Date of Award

5-2010

Degree Type

Dissertation

Degree Name

Doctor of Philosophy

Major

Educational Psychology and Research

Major Professor

Katherine H. Greenberg

Committee Members

John W. Lounsbury, Ralph G. Brockett, Sherry K. Bain

Abstract

The purpose of this quantitative study was to develop a reliable and valid psychometric instrument, the Teacher Political Self-Efficacy Scale (TPSE Scale), for measuring K-12 teachers’ political self-efficacy in abilities to engage in activities that may directly or indirectly influence education public policymaking. Using Bandura’s Social Cognitive Theory as a theoretical lens and the TPSE Scale for measurement, the problem of weak classroom teacher voice in education public policy process is explored. Two separate studies confirmed the reliability of the TPSE Scale. Construct and other forms of validity were confirmed using additional measures of Political Efficacy as citizens, teacher Instructional Efficacy, and teacher level of actual Engagement in political/civic/professional activities. Other elements to the investigative framework included Number of Years teaching, Gender, level of Educational Attainment, School Setting, and teacher perception of adequacy of school district Funding. Teachers’ reported overall low levels of TPSE which was also positively and significantly correlated to level of Engagement. While Political Efficacy as citizen and Number of Years teaching were positively and significantly related to TPSE, Instructional Efficacy was not. Male teachers were found to have significantly higher means of TPSE compared to female colleagues but there were relatively few men in the sample. Teachers with advanced degrees had significantly higher means for TPSE compared to those with bachelor’s degrees. Teachers who held perceptions that their school district had inadequate Funding had significantly lower means for TPSE compared to their colleagues who felt otherwise. There were no significant differences in the means for TPSE based on School Setting.

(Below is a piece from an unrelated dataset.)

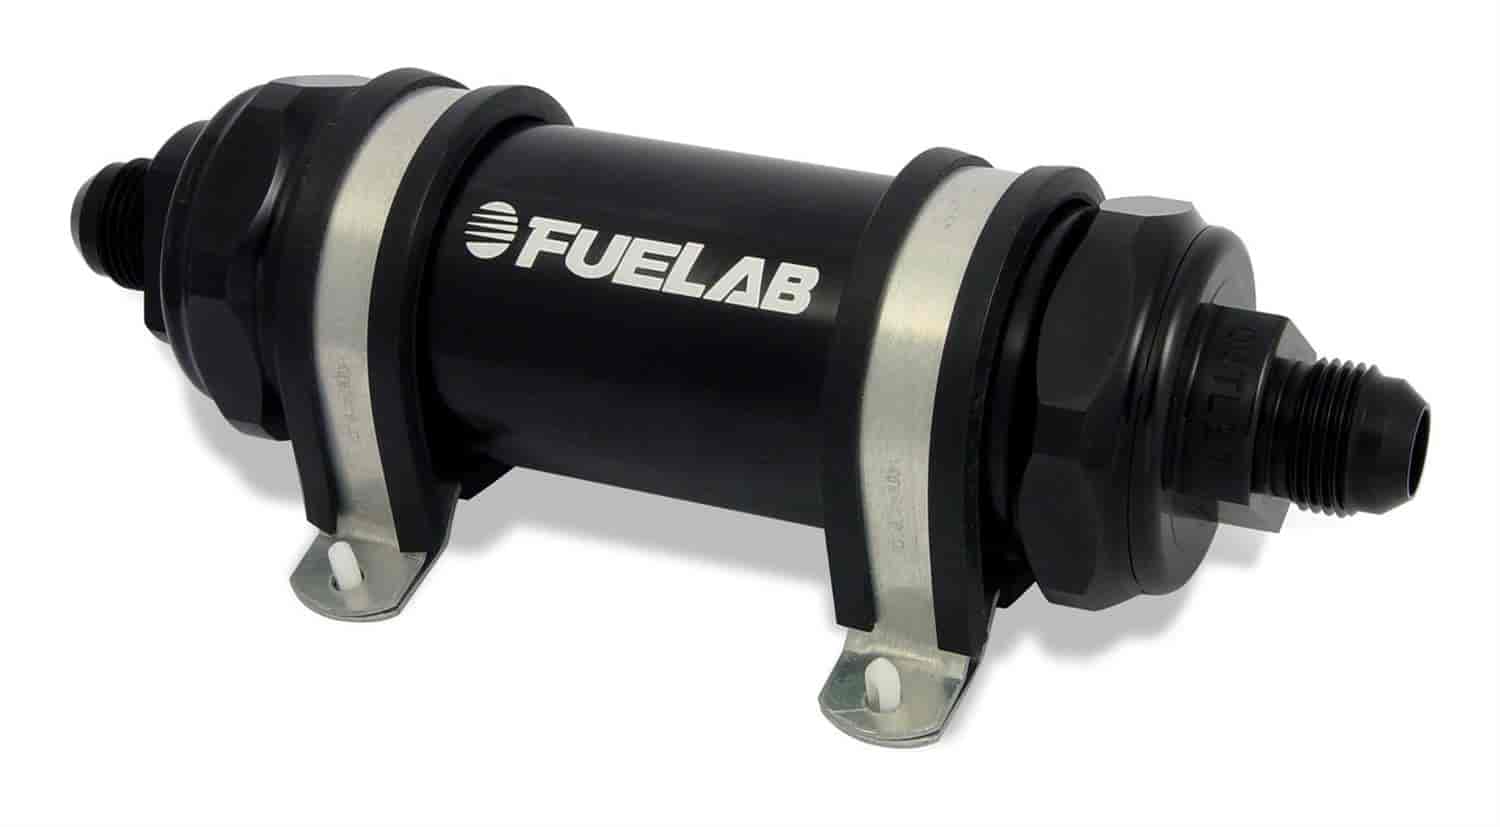 In-Line Fuel Filter Long Length -12AN Inlet/-6AN Outlet 75 micron stainless steel element

In addition to establishing TPSE Scale reliability and validity, study results contribute to the understanding of marginalized K-12 teacher voice in education public policymaking. Results may inform the design of interventions for building teacher confidence and skill in this political domain of functioning. Scale use may also sensitize teachers to existing avenues for exercising voice that have been previously underutilized or that were not fully understood as opportunities for influencing a political process. It may influence teachers’ future choices about level of engagement.